→ Requirement
Retyping the records exactly is the whole task.

→ Material supplied
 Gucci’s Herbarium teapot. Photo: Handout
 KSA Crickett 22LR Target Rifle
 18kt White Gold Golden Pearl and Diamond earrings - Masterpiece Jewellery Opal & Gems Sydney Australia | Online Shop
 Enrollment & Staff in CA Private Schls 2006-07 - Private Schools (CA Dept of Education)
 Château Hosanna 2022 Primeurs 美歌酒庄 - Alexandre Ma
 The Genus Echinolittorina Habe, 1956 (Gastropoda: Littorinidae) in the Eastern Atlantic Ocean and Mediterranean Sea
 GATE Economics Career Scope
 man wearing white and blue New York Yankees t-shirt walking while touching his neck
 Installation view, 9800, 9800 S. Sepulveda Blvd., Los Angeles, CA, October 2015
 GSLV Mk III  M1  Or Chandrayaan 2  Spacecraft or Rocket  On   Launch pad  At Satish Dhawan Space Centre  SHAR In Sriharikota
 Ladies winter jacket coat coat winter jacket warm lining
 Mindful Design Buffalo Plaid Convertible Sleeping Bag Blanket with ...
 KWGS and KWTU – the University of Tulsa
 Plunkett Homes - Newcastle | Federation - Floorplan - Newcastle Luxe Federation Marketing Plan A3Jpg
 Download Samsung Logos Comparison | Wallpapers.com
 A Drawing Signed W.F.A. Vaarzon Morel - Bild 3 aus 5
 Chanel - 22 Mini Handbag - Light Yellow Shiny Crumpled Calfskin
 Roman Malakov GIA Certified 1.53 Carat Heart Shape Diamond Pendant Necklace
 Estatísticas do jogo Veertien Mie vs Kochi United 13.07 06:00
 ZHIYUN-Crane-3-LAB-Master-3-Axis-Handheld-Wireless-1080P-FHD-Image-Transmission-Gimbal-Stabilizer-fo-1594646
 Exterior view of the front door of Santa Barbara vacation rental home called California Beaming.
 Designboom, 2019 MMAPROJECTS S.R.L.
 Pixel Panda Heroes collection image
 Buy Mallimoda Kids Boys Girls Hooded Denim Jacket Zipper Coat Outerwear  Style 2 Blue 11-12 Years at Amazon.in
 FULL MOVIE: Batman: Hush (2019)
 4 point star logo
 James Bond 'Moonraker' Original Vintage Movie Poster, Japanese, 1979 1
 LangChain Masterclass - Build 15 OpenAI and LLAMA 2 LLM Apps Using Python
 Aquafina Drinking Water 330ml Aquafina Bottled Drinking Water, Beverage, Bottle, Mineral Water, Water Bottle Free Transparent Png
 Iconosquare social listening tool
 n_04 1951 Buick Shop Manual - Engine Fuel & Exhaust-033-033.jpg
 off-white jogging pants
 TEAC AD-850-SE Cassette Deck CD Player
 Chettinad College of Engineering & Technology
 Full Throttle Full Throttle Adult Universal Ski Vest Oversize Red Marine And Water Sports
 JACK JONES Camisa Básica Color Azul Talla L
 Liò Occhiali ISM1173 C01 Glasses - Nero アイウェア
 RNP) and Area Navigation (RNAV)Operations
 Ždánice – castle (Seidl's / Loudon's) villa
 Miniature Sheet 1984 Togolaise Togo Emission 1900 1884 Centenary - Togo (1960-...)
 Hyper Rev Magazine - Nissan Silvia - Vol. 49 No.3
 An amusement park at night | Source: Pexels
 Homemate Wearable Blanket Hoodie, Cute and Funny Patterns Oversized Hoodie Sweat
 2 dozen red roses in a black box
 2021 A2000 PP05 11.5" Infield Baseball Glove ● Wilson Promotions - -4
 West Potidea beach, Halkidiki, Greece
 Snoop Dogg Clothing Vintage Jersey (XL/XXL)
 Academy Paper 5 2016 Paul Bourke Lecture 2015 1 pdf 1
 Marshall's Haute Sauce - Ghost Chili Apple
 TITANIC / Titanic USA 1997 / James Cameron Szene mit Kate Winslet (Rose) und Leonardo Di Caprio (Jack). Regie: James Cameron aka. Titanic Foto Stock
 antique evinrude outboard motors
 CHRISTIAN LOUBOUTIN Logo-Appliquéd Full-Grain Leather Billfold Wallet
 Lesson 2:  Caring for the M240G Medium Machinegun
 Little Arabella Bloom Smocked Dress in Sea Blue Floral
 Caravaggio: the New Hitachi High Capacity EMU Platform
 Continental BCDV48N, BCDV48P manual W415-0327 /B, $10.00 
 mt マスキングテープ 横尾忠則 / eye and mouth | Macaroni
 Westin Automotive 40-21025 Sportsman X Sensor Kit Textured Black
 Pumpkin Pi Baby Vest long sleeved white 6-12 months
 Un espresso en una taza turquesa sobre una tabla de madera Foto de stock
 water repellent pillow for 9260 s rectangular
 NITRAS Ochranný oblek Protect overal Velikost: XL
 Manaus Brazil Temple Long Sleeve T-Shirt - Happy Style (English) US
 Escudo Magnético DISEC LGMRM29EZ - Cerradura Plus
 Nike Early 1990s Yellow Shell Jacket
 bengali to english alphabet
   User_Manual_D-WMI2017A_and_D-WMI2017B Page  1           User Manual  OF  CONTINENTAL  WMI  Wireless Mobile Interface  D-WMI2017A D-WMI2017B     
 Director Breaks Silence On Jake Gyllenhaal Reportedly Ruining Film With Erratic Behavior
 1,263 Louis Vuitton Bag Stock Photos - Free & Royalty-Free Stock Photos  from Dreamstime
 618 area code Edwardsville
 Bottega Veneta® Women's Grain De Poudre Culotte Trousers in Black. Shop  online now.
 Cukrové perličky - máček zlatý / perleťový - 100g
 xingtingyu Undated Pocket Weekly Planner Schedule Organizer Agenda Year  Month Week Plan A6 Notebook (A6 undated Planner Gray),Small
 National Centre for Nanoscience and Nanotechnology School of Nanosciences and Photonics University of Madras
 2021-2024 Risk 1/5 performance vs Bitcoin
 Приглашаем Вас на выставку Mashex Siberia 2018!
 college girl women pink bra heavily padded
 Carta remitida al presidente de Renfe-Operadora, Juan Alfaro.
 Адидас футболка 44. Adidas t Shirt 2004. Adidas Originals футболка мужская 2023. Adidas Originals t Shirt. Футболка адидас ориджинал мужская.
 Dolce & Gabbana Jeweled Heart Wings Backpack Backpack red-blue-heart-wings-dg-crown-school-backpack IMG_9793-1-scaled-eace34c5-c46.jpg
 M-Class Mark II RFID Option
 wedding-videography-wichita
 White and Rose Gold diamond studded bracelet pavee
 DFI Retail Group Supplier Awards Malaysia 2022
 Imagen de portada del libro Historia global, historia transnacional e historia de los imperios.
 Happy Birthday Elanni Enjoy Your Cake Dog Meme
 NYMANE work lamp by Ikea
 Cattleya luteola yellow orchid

→ Answer box
 Gucci’s Herbarium teapot. Photo: Handout
 KSA Crickett 22LR Target Rifle
 18kt White Gold Golden Pearl and Diamond earrings - Masterpiece Jewellery Opal & Gems Sydney Australia | Online Shop
 Enrollment & Staff in CA Private Schls 2006-07 - Private Schools (CA Dept of Education)
 Château Hosanna 2022 Primeurs 美歌酒庄 - Alexandre Ma
 The Genus Echinolittorina Habe, 1956 (Gastropoda: Littorinidae) in the Eastern Atlantic Ocean and Mediterranean Sea
 GATE Economics Career Scope
 man wearing white and blue New York Yankees t-shirt walking while touching his neck
 Installation view, 9800, 9800 S. Sepulveda Blvd., Los Angeles, CA, October 2015
 GSLV Mk III  M1  Or Chandrayaan 2  Spacecraft or Rocket  On   Launch pad  At Satish Dhawan Space Centre  SHAR In Sriharikota
 Ladies winter jacket coat coat winter jacket warm lining
 Mindful Design Buffalo Plaid Convertible Sleeping Bag Blanket with ...
 KWGS and KWTU – the University of Tulsa
 Plunkett Homes - Newcastle | Federation - Floorplan - Newcastle Luxe Federation Marketing Plan A3Jpg
 Download Samsung Logos Comparison | Wallpapers.com
 A Drawing Signed W.F.A. Vaarzon Morel - Bild 3 aus 5
 Chanel - 22 Mini Handbag - Light Yellow Shiny Crumpled Calfskin
 Roman Malakov GIA Certified 1.53 Carat Heart Shape Diamond Pendant Necklace
 Estatísticas do jogo Veertien Mie vs Kochi United 13.07 06:00
 ZHIYUN-Crane-3-LAB-Master-3-Axis-Handheld-Wireless-1080P-FHD-Image-Transmission-Gimbal-Stabilizer-fo-1594646
 Exterior view of the front door of Santa Barbara vacation rental home called California Beaming.
 Designboom, 2019 MMAPROJECTS S.R.L.
 Pixel Panda Heroes collection image
 Buy Mallimoda Kids Boys Girls Hooded Denim Jacket Zipper Coat Outerwear  Style 2 Blue 11-12 Years at Amazon.in
 FULL MOVIE: Batman: Hush (2019)
 4 point star logo
 James Bond 'Moonraker' Original Vintage Movie Poster, Japanese, 1979 1
 LangChain Masterclass - Build 15 OpenAI and LLAMA 2 LLM Apps Using Python
 Aquafina Drinking Water 330ml Aquafina Bottled Drinking Water, Beverage, Bottle, Mineral Water, Water Bottle Free Transparent Png
 Iconosquare social listening tool
 n_04 1951 Buick Shop Manual - Engine Fuel & Exhaust-033-033.jpg
 off-white jogging pants
 TEAC AD-850-SE Cassette Deck CD Player
 Chettinad College of Engineering & Technology
 Full Throttle Full Throttle Adult Universal Ski Vest Oversize Red Marine And Water Sports
 JACK JONES Camisa Básica Color Azul Talla L
 Liò Occhiali ISM1173 C01 Glasses - Nero アイウェア
 RNP) and Area Navigation (RNAV)Operations
 Ždánice – castle (Seidl's / Loudon's) villa
 Miniature Sheet 1984 Togolaise Togo Emission 1900 1884 Centenary - Togo (1960-...)
 Hyper Rev Magazine - Nissan Silvia - Vol. 49 No.3
 An amusement park at night | Source: Pexels
 Homemate Wearable Blanket Hoodie, Cute and Funny Patterns Oversized Hoodie Sweat
 2 dozen red roses in a black box
 2021 A2000 PP05 11.5" Infield Baseball Glove ● Wilson Promotions - -4
 West Potidea beach, Halkidiki, Greece
 Snoop Dogg Clothing Vintage Jersey (XL/XXL)
 Academy Paper 5 2016 Paul Bourke Lecture 2015 1 pdf 1
 Marshall's Haute Sauce - Ghost Chili Apple
 TITANIC / Titanic USA 1997 / James Cameron Szene mit Kate Winslet (Rose) und Leonardo Di Caprio (Jack). Regie: James Cameron aka. Titanic Foto Stock
 antique evinrude outboard motors
 CHRISTIAN LOUBOUTIN Logo-Appliquéd Full-Grain Leather Billfold Wallet
 Lesson 2:  Caring for the M240G Medium Machinegun
 Little Arabella Bloom Smocked Dress in Sea Blue Floral
 Caravaggio: the New Hitachi High Capacity EMU Platform
 Continental BCDV48N, BCDV48P manual W415-0327 /B, $10.00 
 mt マスキングテープ 横尾忠則 / eye and mouth | Macaroni
 Westin Automotive 40-21025 Sportsman X Sensor Kit Textured Black
 Pumpkin Pi Baby Vest long sleeved white 6-12 months
 Un espresso en una taza turquesa sobre una tabla de madera Foto de stock
 water repellent pillow for 9260 s rectangular
 NITRAS Ochranný oblek Protect overal Velikost: XL
 Manaus Brazil Temple Long Sleeve T-Shirt - Happy Style (English) US
 Escudo Magnético DISEC LGMRM29EZ - Cerradura Plus
 Nike Early 1990s Yellow Shell Jacket
 bengali to english alphabet
   User_Manual_D-WMI2017A_and_D-WMI2017B Page  1           User Manual  OF  CONTINENTAL  WMI  Wireless Mobile Interface  D-WMI2017A D-WMI2017B     
 Director Breaks Silence On Jake Gyllenhaal Reportedly Ruining Film With Erratic Behavior
 1,263 Louis Vuitton Bag Stock Photos - Free & Royalty-Free Stock Photos  from Dreamstime
 618 area code Edwardsville
 Bottega Veneta® Women's Grain De Poudre Culotte Trousers in Black. Shop  online now.
 Cukrové perličky - máček zlatý / perleťový - 100g
 xingtingyu Undated Pocket Weekly Planner Schedule Organizer Agenda Year  Month Week Plan A6 Notebook (A6 undated Planner Gray),Small
 National Centre for Nanoscience and Nanotechnology School of Nanosciences and Photonics University of Madras
 2021-2024 Risk 1/5 performance vs Bitcoin
 Приглашаем Вас на выставку Mashex Siberia 2018!
 college girl women pink bra heavily padded
 Carta remitida al presidente de Renfe-Operadora, Juan Alfaro.
 Адидас футболка 44. Adidas t Shirt 2004. Adidas Originals футболка мужская 2023. Adidas Originals t Shirt. Футболка адидас ориджинал мужская.
 Dolce & Gabbana Jeweled Heart Wings Backpack Backpack red-blue-heart-wings-dg-crown-school-backpack IMG_9793-1-scaled-eace34c5-c46.jpg
 M-Class Mark II RFID Option
 wedding-videography-wichita
 White and Rose Gold diamond studded bracelet pavee
 DFI Retail Group Supplier Awards Malaysia 2022
 Imagen de portada del libro Historia global, historia transnacional e historia de los imperios.
 Happy Birthday Elanni Enjoy Your Cake Dog Meme
 NYMANE work lamp by Ikea
 Cattleya luteola yellow orchid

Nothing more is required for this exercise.